How to use GroupBy in an asynchronous manner in EF Core 3.1?

11,100

Solution 1

I think the only way you have is just to do it something like this

var blogs = await context.Blogs
    .Where(blog => blog.Url.Contains("dotnet"))
    .ToListAsync();

var groupedBlogs = blogs.GroupBy(t => t.BlobNumber).Select(b => b).ToList();

Because GroupBy will be evaluated at client anyway

Solution 2

This query isn't trying to group data in the SQL/EF Core sense. There are no aggregations involved.

It's loading all detail rows and then batching them into different buckets on the client. EF Core isn't involved in this, this is a purely client-side operation. The equivalent would be :

var blogs = await context.Blogs
    .Where(blog => blog.Url.Contains("dotnet"))
    .ToListAsync();

var blogsByNum = blogs.ToLookup(t => t.BlobNumber);

Speeding up grouping

The batching/grouping/lookup operation is purely CPU bound, so the only way to accelerate it would be to parallelize it, ie use all CPUs to group the data eg :

var blogsByNum = blogs.AsParallel()
                      .ToLookup(t => t.BlobNumber);

ToLookup does more or less that GroupBy().ToList() does - it groups the rows into buckets based on a key

Grouping while loading

A different approach would be to load the results asynchronously and put them into buckets as they arrive. To do that, we need AsAsyncEnumerable(). ToListAsync() returns all the results at once, so it can't be used.

This approach is quite similar to what ToLookup does.


var blogs = await context.Blogs
    .Where(blog => blog.Url.Contains("dotnet"));

var blogsByNum=new Dictionary<string,List<Blog>>();

await foreach(var blog in blogs.AsAsyncEnumerable())
{
    if(blogsByNum.TryGetValue(blog.BlobNumber,out var blogList))
    {
        blogList.Add(blog);
    }
    else
    {
        blogsByNum[blog.BlobNumber=new List<Blog>(100){blog};
    }
}

The query is executed by the call to AsAsyncEnumerable().
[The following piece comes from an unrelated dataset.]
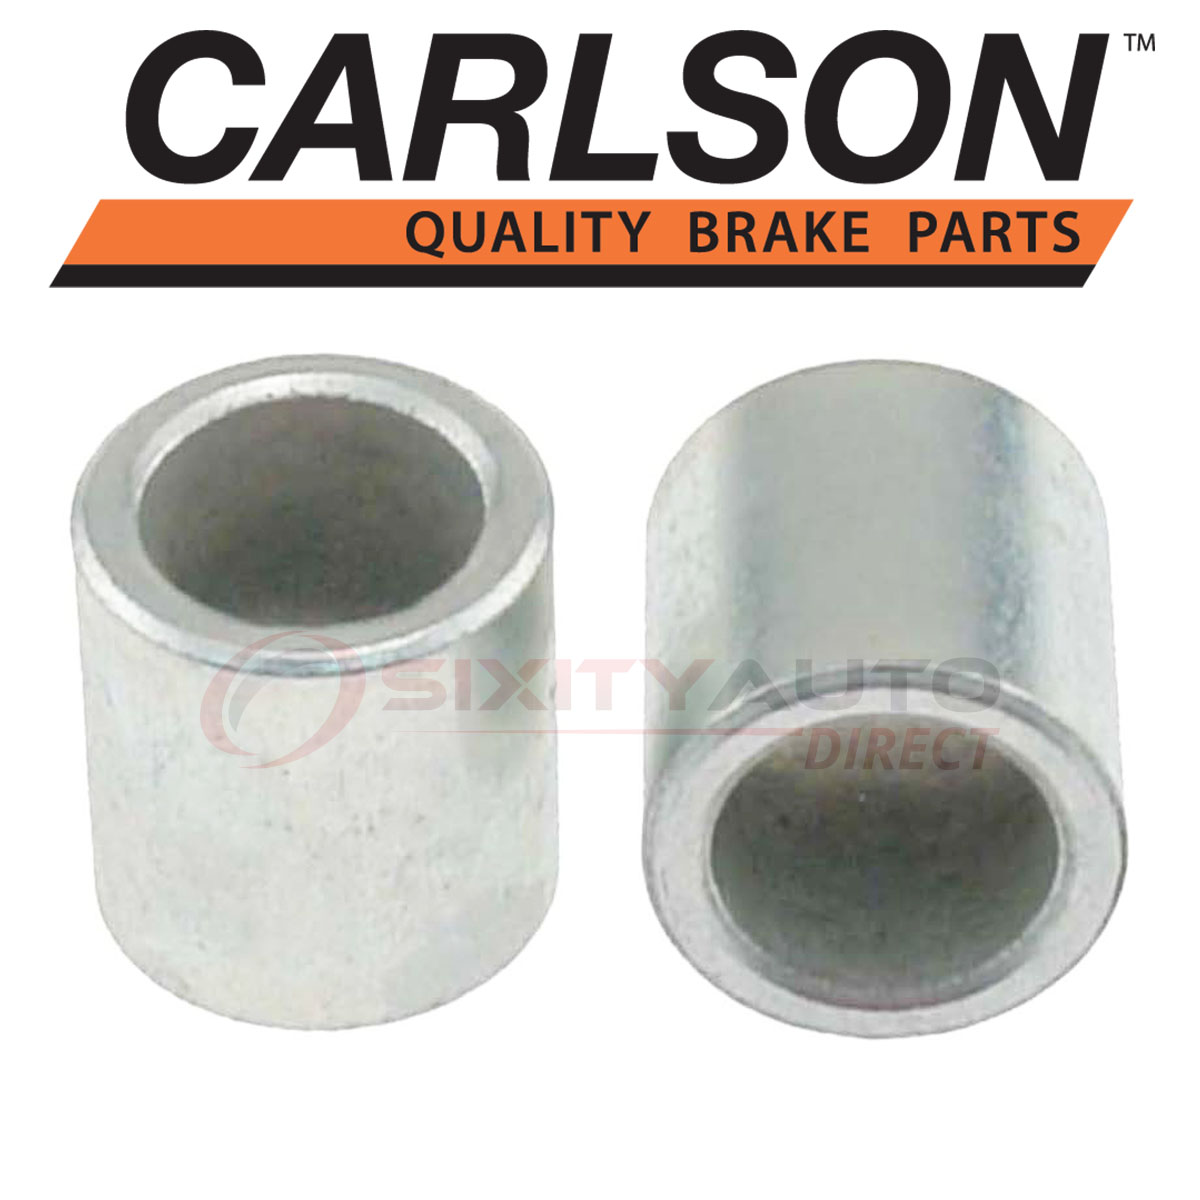 Carlson Front Brake Caliper Guide Pin Sleeve For 1974 1988 Jeep J10 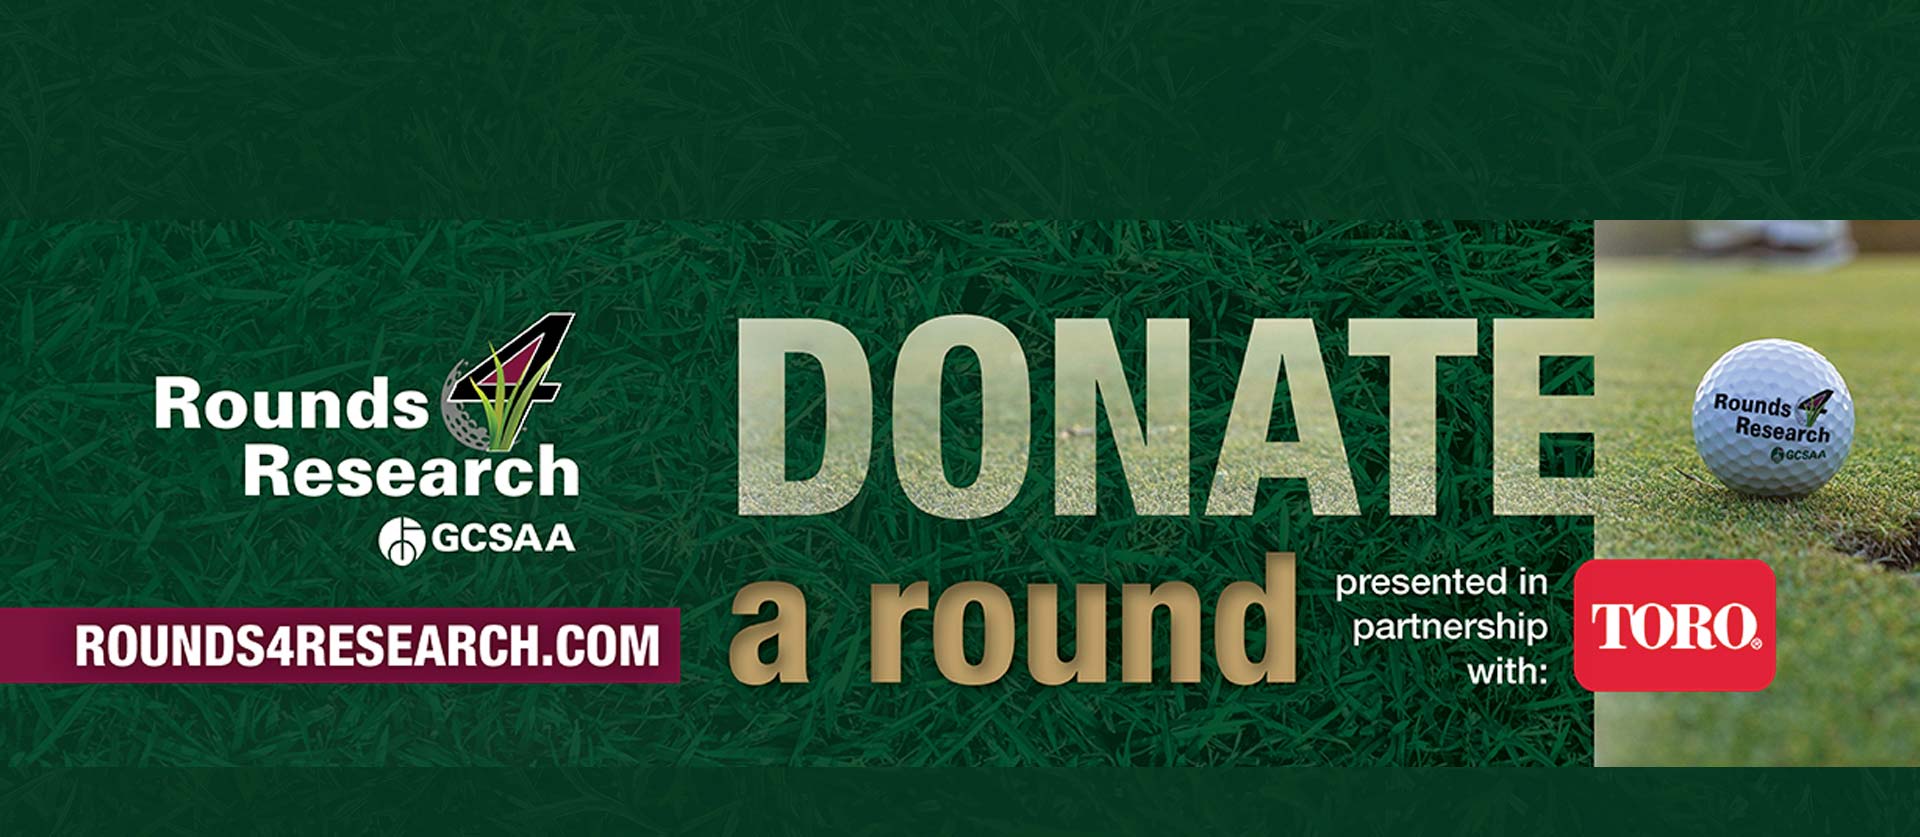 Rounds Research GCSAA - Donate a Round banner presented in partnership with Toro

The results arrive asynchronously though, so now we can add them to buckets while iterating.

The capacity parameter is used in the list constructor to avoid reallocations of the list's internal buffer.

Using System.LINQ.Async

Things would be a lot easier if we had LINQ operations for IAsyncEnumerable<> itself. This extension namespace provides just that. It's developed by the ReactiveX team. It's available through NuGet and the current major version is 4.0.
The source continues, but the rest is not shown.